Cette histoire est belle, j'en suis fier : les deux frères Troisgros, mes fils, à l'œuvre dans leur camion. Ils ont permis à des personnes qui n'avaient jamais osé pousser la porte de notre établissement de gouter à notre cuisine.

Est-ce que ces deux initiatives sont venues compenser une partie des pertes enregistrées sur les activités traditionnelles ?

Certainement pas. Nous avons perdu de l'argent aussi bien sur le foodtruck que sur la vente à emporter du Central. Il aurait fallu penser les choses autrement, il y avait trop de main-d'œuvre par rapport au prix de vente, mais nous ne souhaitions pas abimer notre image avec de la qualité au rabais.

Nous avons fait les choses très bien, comme nous avons l'habitude de le faire dans notre restaurant. Peu importe, l'objectif n'était pas de faire de la marge mais d'être aux côtés de nos clients dans cette période.

Financièrement, comment avez-vous tenu ?

Il est pour l'instant un peu difficile d'établir un bilan précis car nos exercices sont d'octobre à septembre. Et donc, le dernier bilan officiel octobre 2019/septembre 2020 n'inclue que la première période de fermeture. Sur la Maison Troisgros, nous avons réalisé un chiffre d'affaires de 5,5 millions d'euros, contre 6,8 habituellement. 534.000 contre 700.000 euros pour le Central l'année précédente et 700.000 euros au lieu de 925.000 euros pour la Colline.

Mais attention, l'impact de la seconde période de fermeture (de novembre 2020 à juin 2021) apparaitra seulement sur le bilan de l'exercice en cours. Globalement,  depuis mars 2020, nous avons dû fermer plus de la moitié du temps. La baisse de chiffre d'affaires sera proportionnelle !

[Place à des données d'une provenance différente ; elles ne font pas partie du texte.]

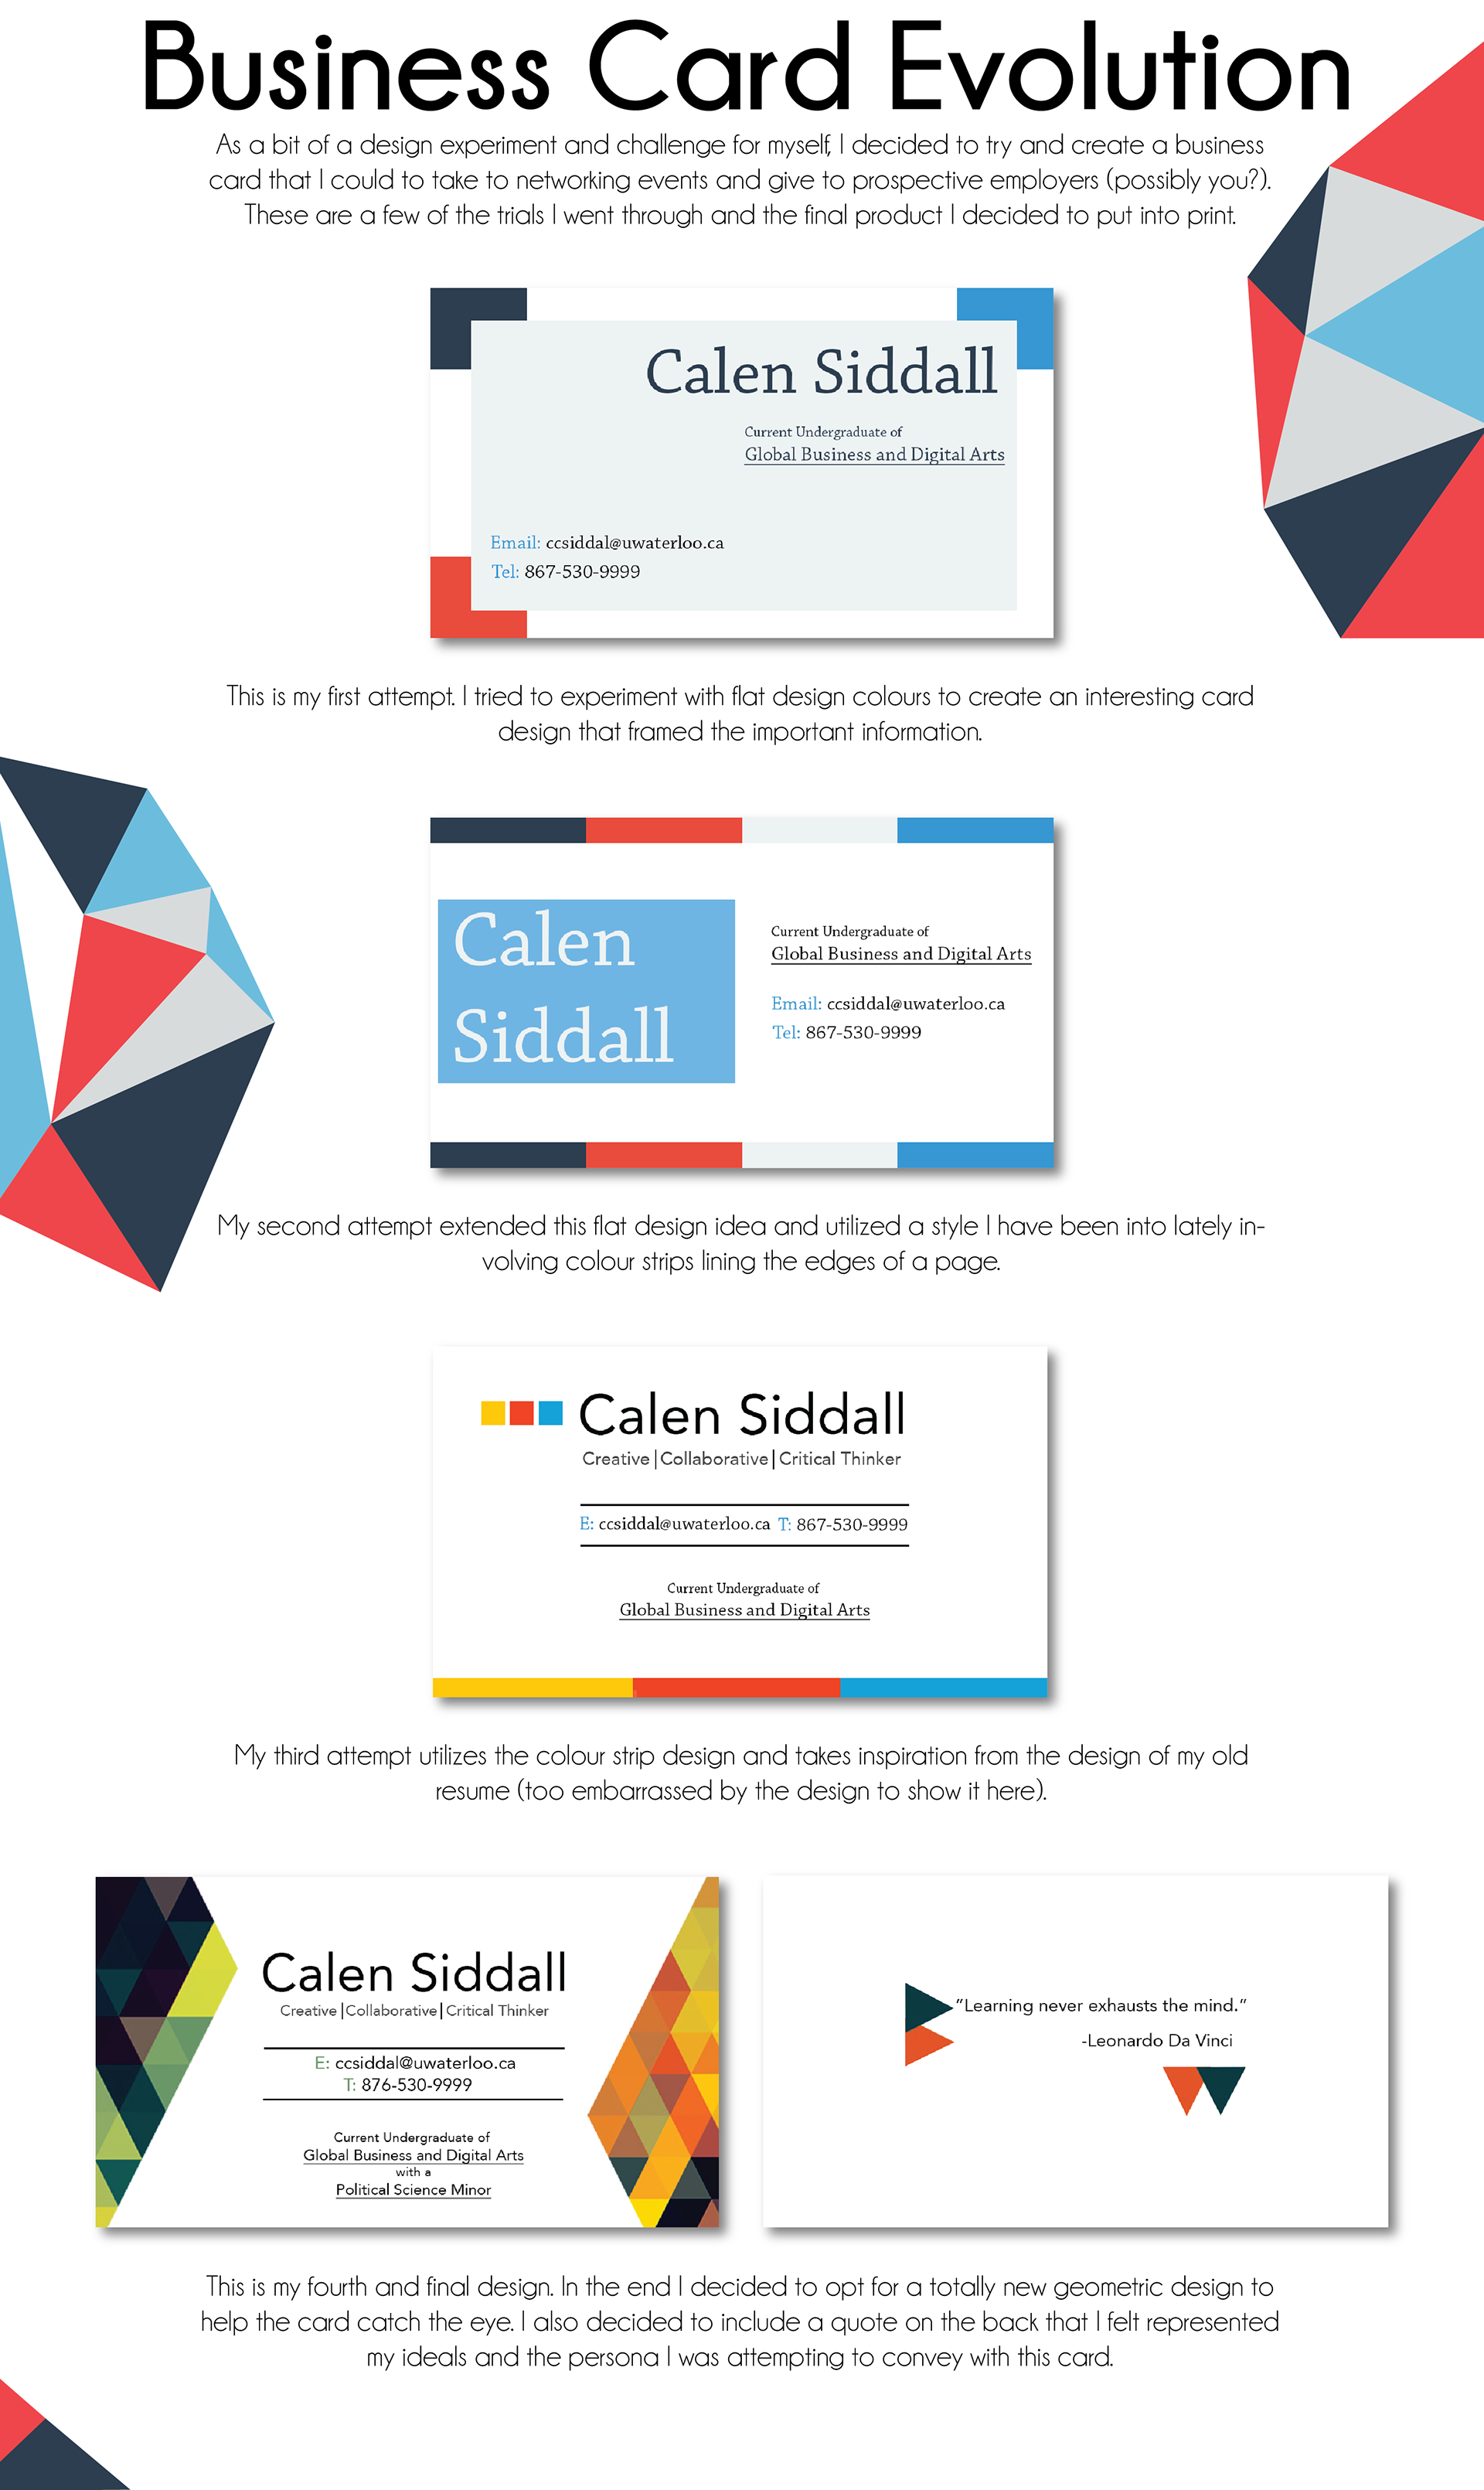 Calen siddall business card evolution colourmoves
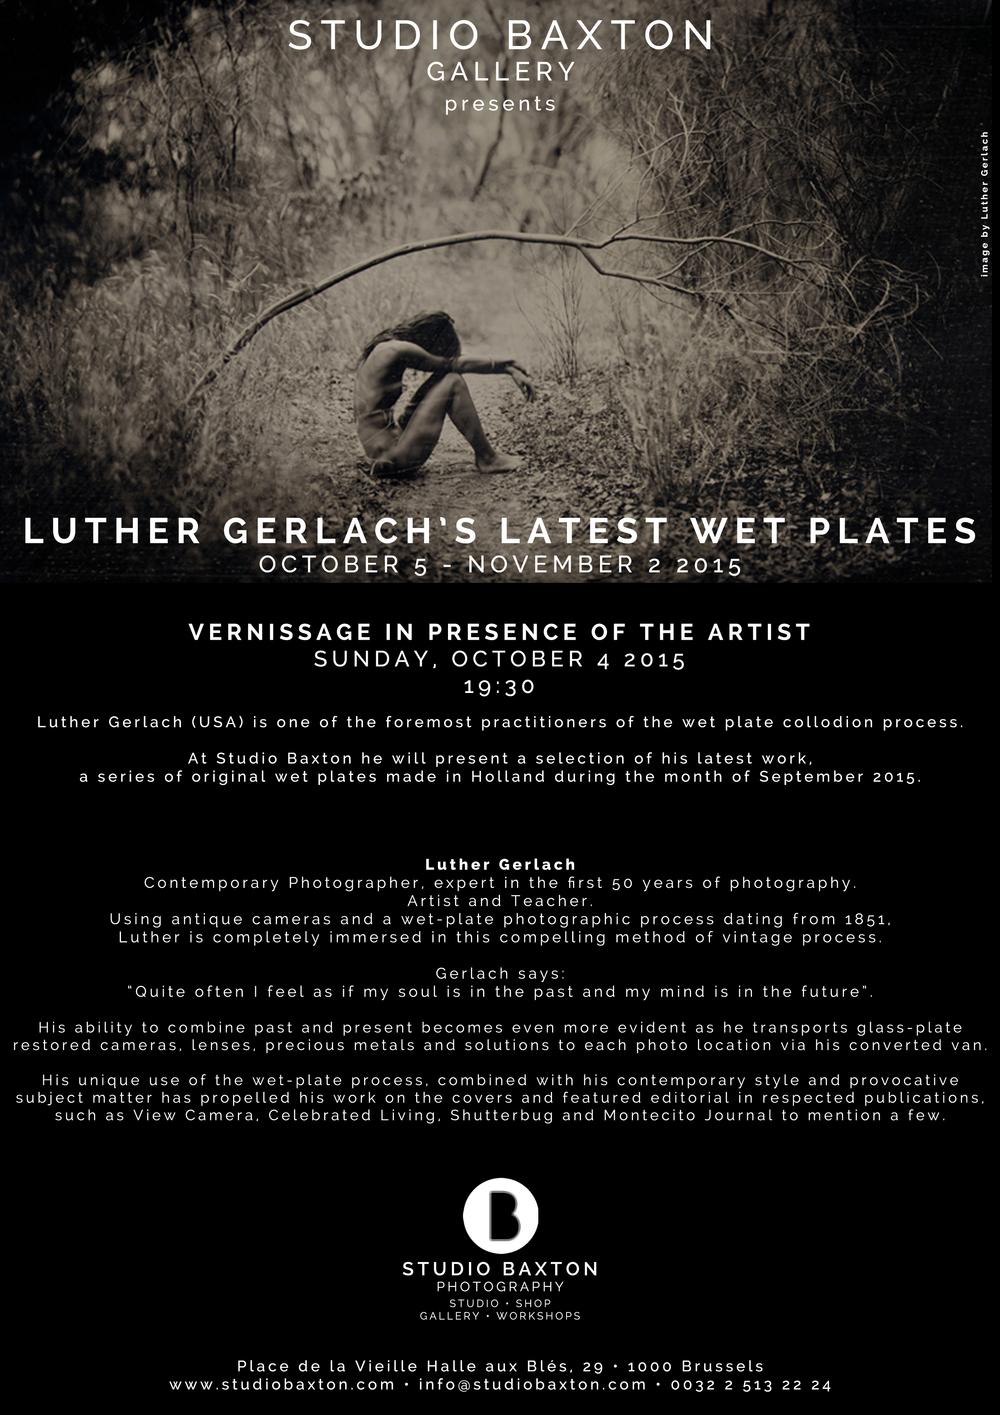 LGerlach_Exhibition copy copy.jpg

Les aides annoncées par le gouvernement ont-elles été à la mesure des pertes encourues ?

L'Etat nous a accompagnés, les aides ont permis de couvrir les charges courantes et les salaires (90 salariés au total). En revanche, pour les pertes d'exploitation, c'est une autre histoire et c'est évidemment très inquiétant. D'autant que certaines charges étaient inévitables : l'entretien par exemple. Mais avec aucune recette en face.

Dès avril dernier, nous avons donc recouru au PGE (1,350 million d'euros au total). Par précaution car nous ne l'avons finalement pas utilisé et nous en avons remboursé une bonne partie en mars dernier. Ce que nous avons regretté dès le mois suivant, en voyant que nous ne pouvions toujours pas rouvrir malgré ce que nous avions espéré...

Vous avez pu accueillir il y a quelques jours, dans vos établissements, vos premiers clients depuis de nombreux mois. Votre état d'esprit aujourd'hui ?

Je suis heureux : nous sommes de nouveau au travail, nous voyons le plaisir et les sourires revenir. Aussi bien chez les clients que dans l'équipe.

Nos clients sont revenus immédiatement et le niveau de réservation est excellent. J'espère que la rentrée de septembre ne sera pas synonyme d'une nouvelle vague.

** Contacté par La Tribune, Allianz a indiqué ne pas souhaiter commenter une procédure judiciaire en cours. L'assureur a par ailleurs démenti formellement l'éventualité d'un désengagement du secteur français de la restauration.